The relative benefits received by the Fund and the Adviser on the one hand and the Underwriters on the other hand in connection with the offering of the Shares pursuant to this Agreement shall be deemed to be in the same respective proportions as the total net proceeds from the offering of the Shares pursuant to this Agreement (before deducting expenses) received by the Fund and the total underwriting discount received by the Underwriters (whether from the Fund or otherwise), in each case as set forth on the cover of the Prospectus, bear to the aggregate public offering price of the Shares as set forth on the cover of the Prospectus.

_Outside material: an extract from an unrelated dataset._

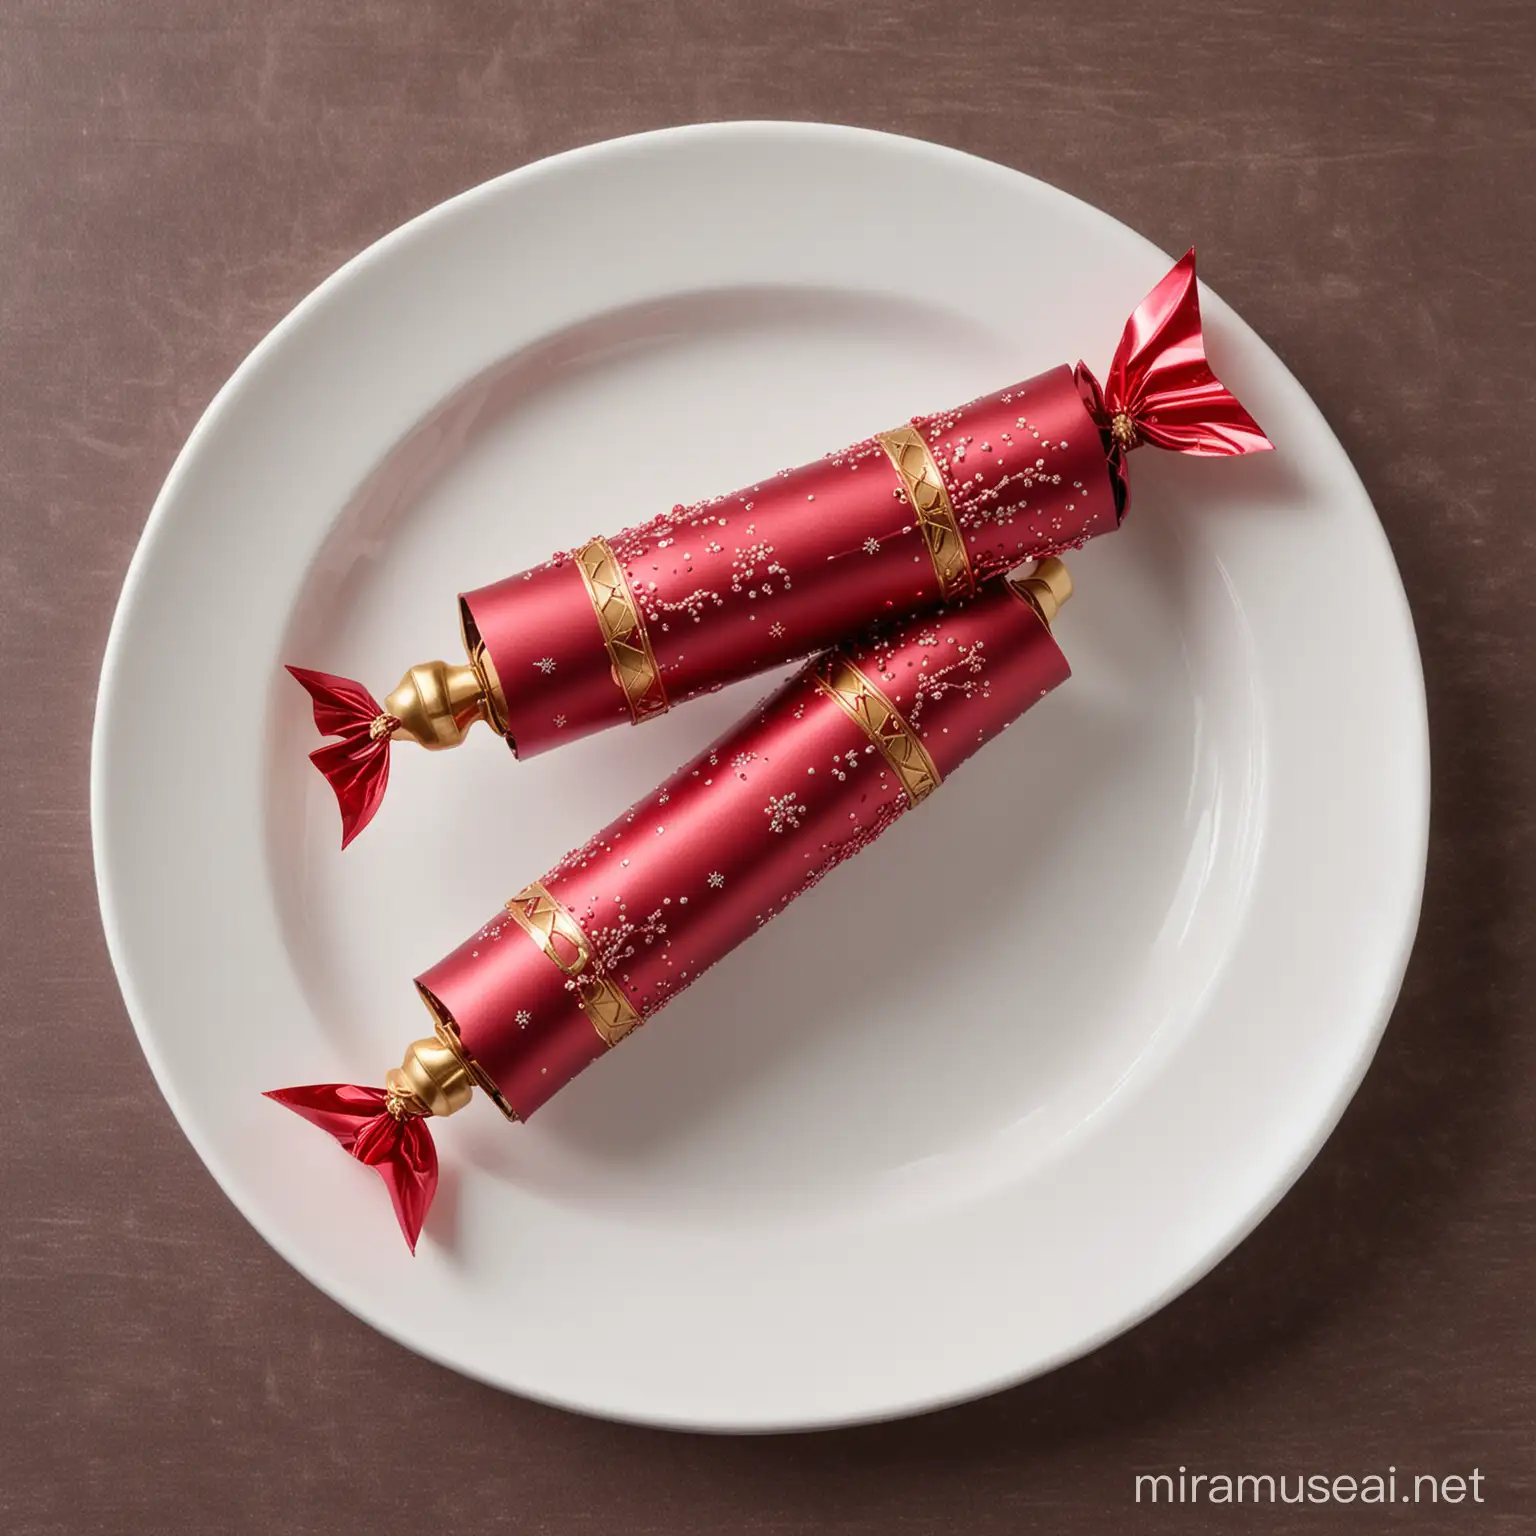 Festive Scene Cranberry Colored Christmas Cracker Amidst Holiday Decor

The relative fault of the Fund and the Adviser on the one hand and the Underwriters on the other hand shall be determined by reference to, among other things, whether any such untrue or alleged untrue statement of a material fact or omission or alleged omission to state a material fact relates to information supplied by the Fund or the Adviser or by the Underwriters and the parties’ relative intent, knowledge, access to information and opportunity to correct or prevent such statement or omission.

The Fund, the Adviser and the Underwriters agree that it would not be just and equitable if contribution pursuant to this Section 7 were determined by pro rata allocation (even if the Underwriters were treated as one entity for such purpose) or by any other method of allocation which does not take account of the equitable considerations referred to above in this Section 7. The aggregate amount of losses, liabilities, claims, damages and expenses incurred by an indemnified party and referred to above in this Section 7 shall be deemed to include any legal or other expenses reasonably incurred by such indemnified party in investigating, preparing or defending against any litigation, or any investigation or proceeding by any governmental agency or body, commenced or threatened, or any claim whatsoever based upon any such untrue or alleged untrue statement or omission or alleged omission.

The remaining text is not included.